Кюнстер перестал стучать молотком.

— Зверствуют? Я этого не слышал… Но и не слишком ласковы. И тут ничего не скажешь. Так было всегда, пока у победителя не отойдёт сердце. — Мастер хотел ещё что-то добавить, но раздумал и стал вытаскивать клещами гвозди, вбитые по краям медной пластинки. Снял её, посмотрел на рисунок, что-то хмыкнул под нос. Привычными движениями вырезал из квадратного листа диск, загнул края, выбил зубилом незатейливый узор, и кусок меди на глазах у Фрикке превратился в красивую пепельницу. Кюнстер не был простым ремесленником, недаром доктор Хемпель расхваливал его.

Старик подержал пепельницу в каком-то растворе, протёр её.

— Посмотри, Эрнст, медь почернела, так гораздо красивее. Я мог бы покрыть пепельницу вот этим составом, и на металле выступила бы прозелень. Тогда она выглядела бы так, словно её делал не Вильгельм Кюнстер, а какой-нибудь мастер лет триста назад. Немцы любили такую подделку… Вот так и живу, — опять повторил старик и добавил: — В нашем деле по-настоящему искусен тот, кто откуёт из одной пластины меди крышку чайника или человеческую голову.

— Я рад был застать вас в добром здравии, а теперь направлюсь к дяде, герр Кюнстер, — сказал Фрикке, которому надоел разговорчивый любитель медных тарелок и дверных ручек.

— Передавай привет господину Хемпелю, — вертя в руках пепельницу, сказал старый мастер, — пусть заходит поболтать. Я всегда ему рад.

* * *

Третий этаж, квартира номер шесть, знакомая дубовая дверь. Не решаясь сразу позвонить, Фрикке снял рюкзак и осмотрелся. На лестничной площадке темновато: небольшое окно из разноцветных стёкол завешено куском чёрной маскировочной бумаги. Дверь в соседнюю квартиру полуоткрыта, в прихожей виден платяной шкаф с разбитым зеркалом, потёртые плюшевые кресла. На полу — клочья морской травы, тряпки, деревянные обломки и прочий мусор, всегда остающийся после переноски громоздких вещей.

«Удивительно, почему пустует квартира?» — подумал Фрикке. Он заглянул в дверь. В стене виднелись большие проломы, пол провалился.

Только он потянулся к звонку дядиной квартиры, как звякнул запор, и дверь приоткрылась. В просвете он увидел профессора со свечой в руках и седого полковника Советской Армии.

Фрикке мигом нырнул в соседнюю квартиру.

— Я не хочу вас принуждать, профессор, — услышал он, — но, если вы согласитесь, это будет весьма благожелательно расценено советским командованием и пойдёт только на пользу вашему любимому делу.
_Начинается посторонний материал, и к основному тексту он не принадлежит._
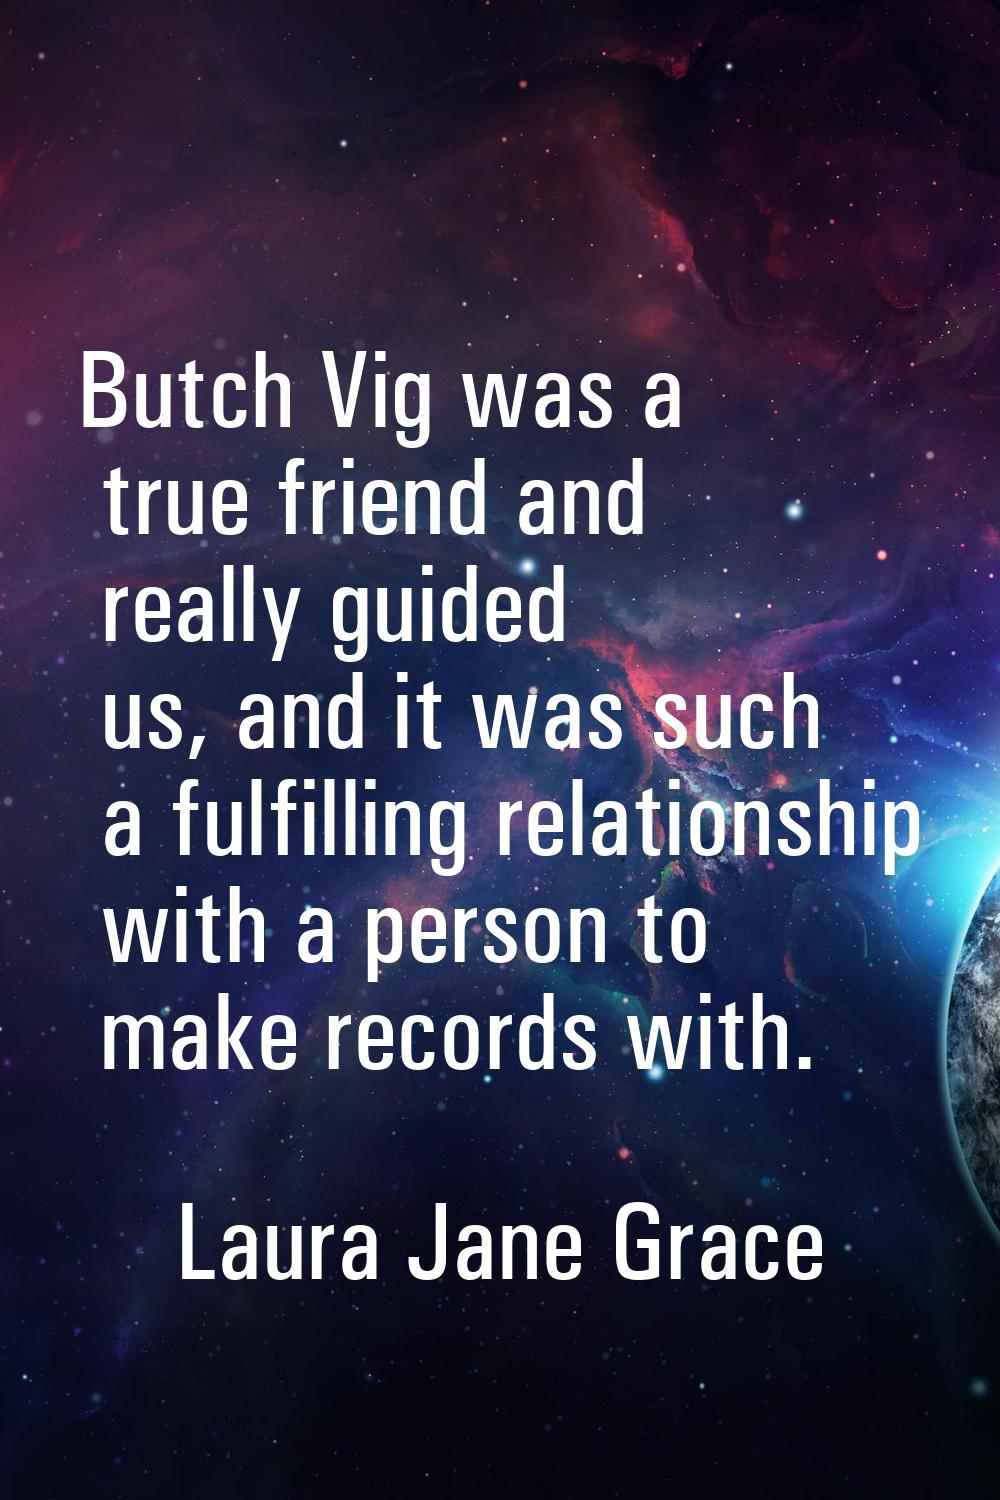 Butch Vig was a true friend and really guided us, and it was such a fulfilling relationship with a

До свидания, герр Хемпель.

— Я подумаю, господин полковник, благодарю вас. Очень благодарю за внимание, — проговорил профессор.
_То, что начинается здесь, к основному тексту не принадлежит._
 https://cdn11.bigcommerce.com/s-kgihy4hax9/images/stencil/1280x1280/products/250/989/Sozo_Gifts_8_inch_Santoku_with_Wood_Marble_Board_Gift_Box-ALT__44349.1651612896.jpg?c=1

На площадке лестницы они попрощались ещё раз. Только теперь Фрикке заметил, что рядом с полковником стоял рослый ординарец.

Эрнст Фрикке напряжённо вслушивался. Сапоги ординарца процокали по каменным ступеням. Когда шаги звучали уже на улице, он снова собрался позвонить к дяде.

— Приятель, вы к кому? — вдруг раздался из темноты мягкий мужской голос.

Эрнст Фрикке отступил на шаг от двери. Сунул руку в карман.

— Не трогайте оружия, приятель, — с вкрадчивой убедительностью произнёс незнакомец. — У меня преотличнейший вальтер, патрон — в стволе. И однако, вы живы.

— Благодарю за любезность, — отозвался Фрикке, разглядывая незнакомца. — Но что вам угодно?

— Вы давно знакомы с профессором?

— Да, я был служащим в музее доктора Хемпеля.

У незнакомца было нежное и приятное лицо, тонкие рубцы прорезали в двух местах его левую щеку.

— Благодарю вас. Не смею задерживать. — Незнакомец сладко улыбнулся и приподнял шляпу. — Нашу беседу мы продолжим позже!

* * *

Пока Эрнст Фрикке рассказывал, что с ним произошло на пароходе «Меркурий», профессор, нахмурясь, сидел и молчал. У Фрау Эльзы на глазах выступили слезы. Она комкала у глаз платок, шевелила блеклыми губами и жалко улыбалась.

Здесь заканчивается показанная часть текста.